Start with a small normalized set:

Error typeMeaning
provider_errormodel provider returned an error or timed out
rate_limitedquota or rate limit blocked the call
policy_deniedpermission, data, or safety policy rejected the step
tool_errortool execution failed
tool_bad_inputthe agent passed invalid arguments to a tool
parse_errormodel output could not be parsed
validation_failedoutput parsed but failed business validation
max_steps_exceededthe run hit its step limit
user_cancelleduser cancelled the run

With categories, you can see trends. A high tool_bad_input rate may mean the tool schema is unclear or the prompt does not constrain arguments. A high max_steps_exceeded rate may mean the agent lacks a convergence condition. A high policy_denied rate may mean the product flow does not explain permission boundaries early enough.
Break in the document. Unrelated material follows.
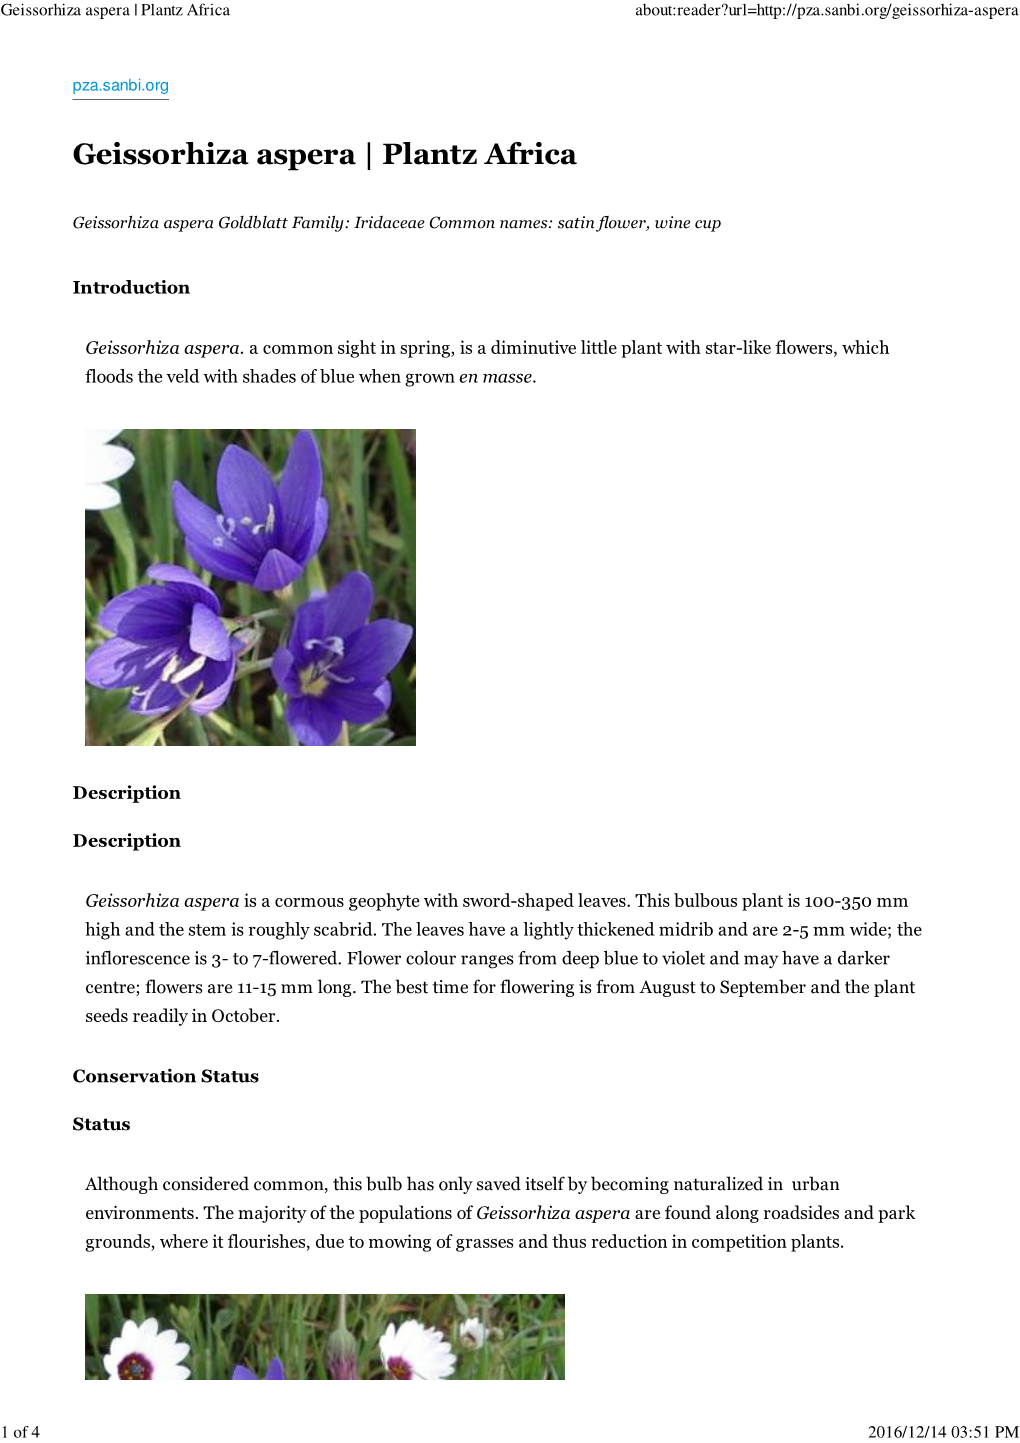 Geissorhiza Aspera | Plantz Africa About:Reader?Url=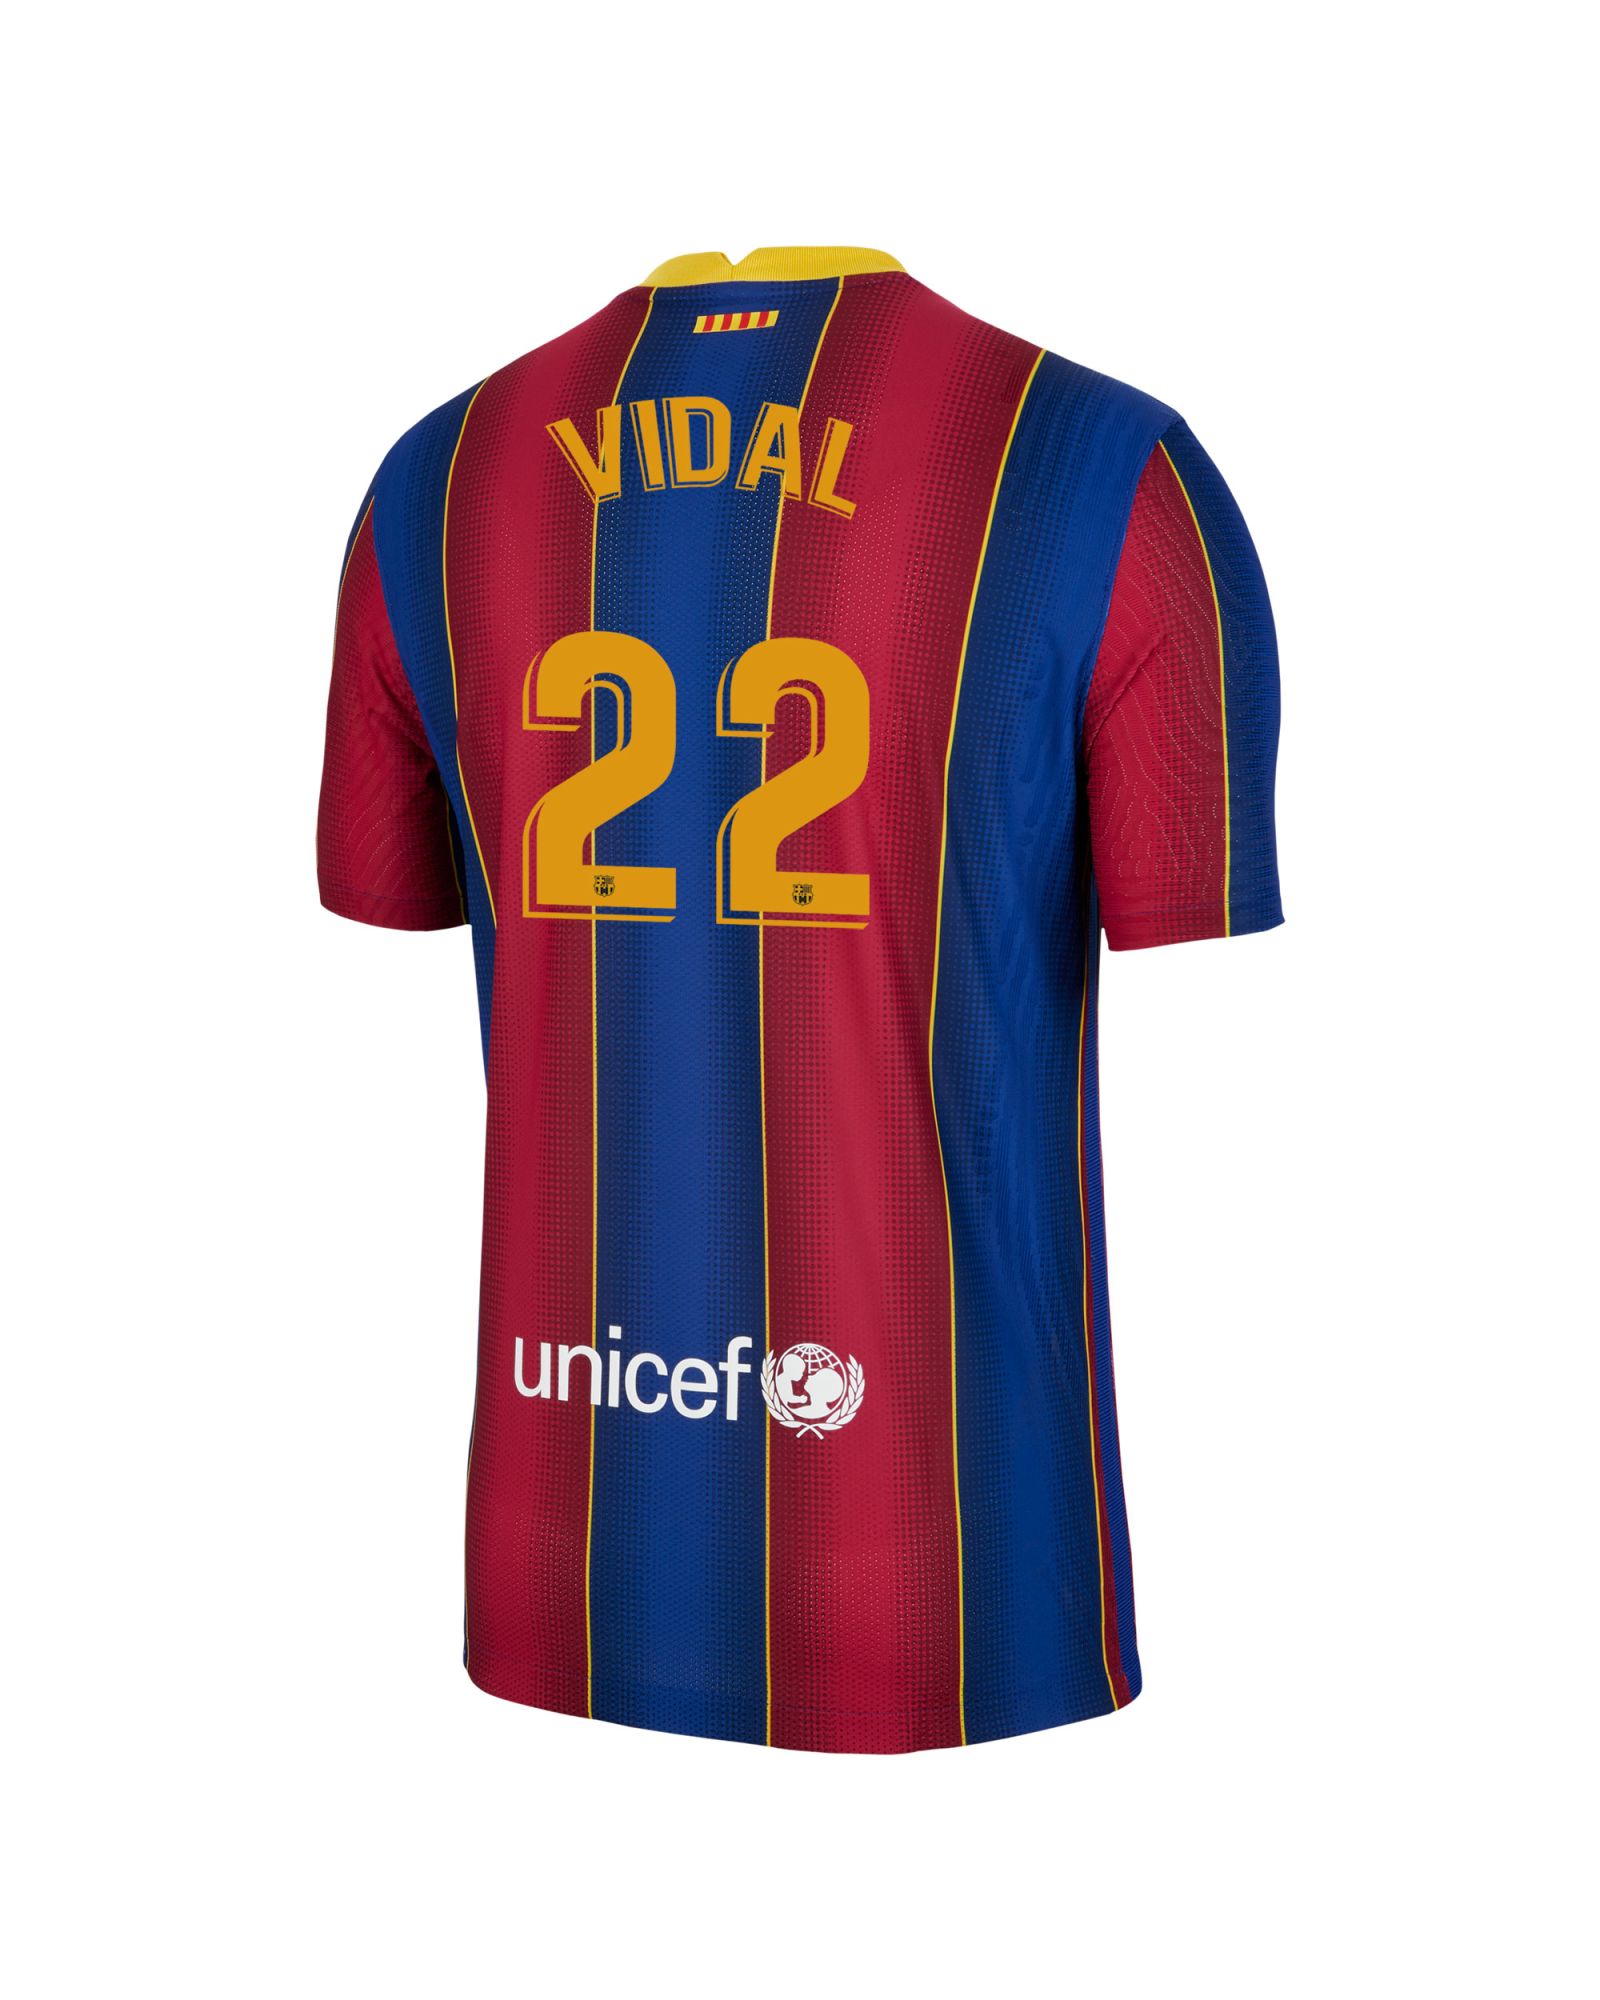 Camiseta 1ª FC Barcelona 2020/2021 Vapor Match  Vidal - Fútbol Factory

Tool calls must be auditable

The highest risk is often not that the agent thought something. It is that the agent did something. Sending email, changing configuration, querying internal data, calling production APIs, committing code, or creating orders must be auditable.

For each tool call, record:

  • tool name and version
  • redacted arguments
  • user or actor represented by the call
  • permission check result
  • external system status
  • idempotency key or business object id
  • whether the call performed a write
  • whether retry is allowed

Write actions deserve special care. Observability is not only for debugging. It is also for audit: who asked the agent to do this, which arguments were passed, why did the system allow it, and which object changed?

A trace should read like a timeline

A useful agent trace should not be only a pile of JSON. It should read like a timeline:

10:00:01 run started by user_123
10:00:02 model chose tool: search_orders
10:00:03 tool search_orders success, 3 records
10:00:04 model chose tool: refund_check
10:00:05 policy_denied: user lacks refund permission
10:00:06 final answer returned

The timeline helps engineers, product managers, and operators understand what happened quickly. The underlying fields still need to be structured for search, aggregation, and alerts.

If only developers can read the trace, incident response will be slow. Agents often affect business workflows, so non-engineering roles also need a basic view of the process.

Alerts should watch more than error rate

Traditional services watch error rate, latency, and QPS. Agents need additional signals:

  • average model calls per run
  • average tokens and cost per run
  • max-step hit rate
  • parse error and validation failure rate
  • tool_bad_input rate
  • policy_denied rate
  • number of high-cost runs
  • failures and retries for write-action tools

These signals can reveal problems before ordinary 500 errors do. Error rate may stay flat while average steps grow from 3 to 9, increasing both cost and latency. Parse errors may rise when output format becomes unstable.

Retention needs tiers

Observability data is not better just because you store more of it.

Use retention tiers:

  • Metric aggregates: keep long term for trend analysis.
  • Usage records: keep longer for billing, audit, and cost analysis.
  • Trace metadata: keep for a medium period for debugging and quality review.
  • Full prompts, outputs, and tool results: short term by default, redacted, sampled, or enabled only when needed.

The exact retention period depends on business, compliance, and cost. The important principle is not to permanently store user input, internal documents, and tool results by accident.

Bottom line

AI agent observability is about making automated execution explainable.

Use the run as the tracing unit. Connect model calls, tools, and business systems with a request id or trace id. Record step status, tokens, latency, and error category. Keep tool calls auditable. Present traces as timelines. Design retention by sensitivity.

Without this foundation, it is hard to know whether a failure came from the model, prompt, tool, permission layer, retry behavior, or business data. Observability is not decoration after launch. It is part of making agents production-ready.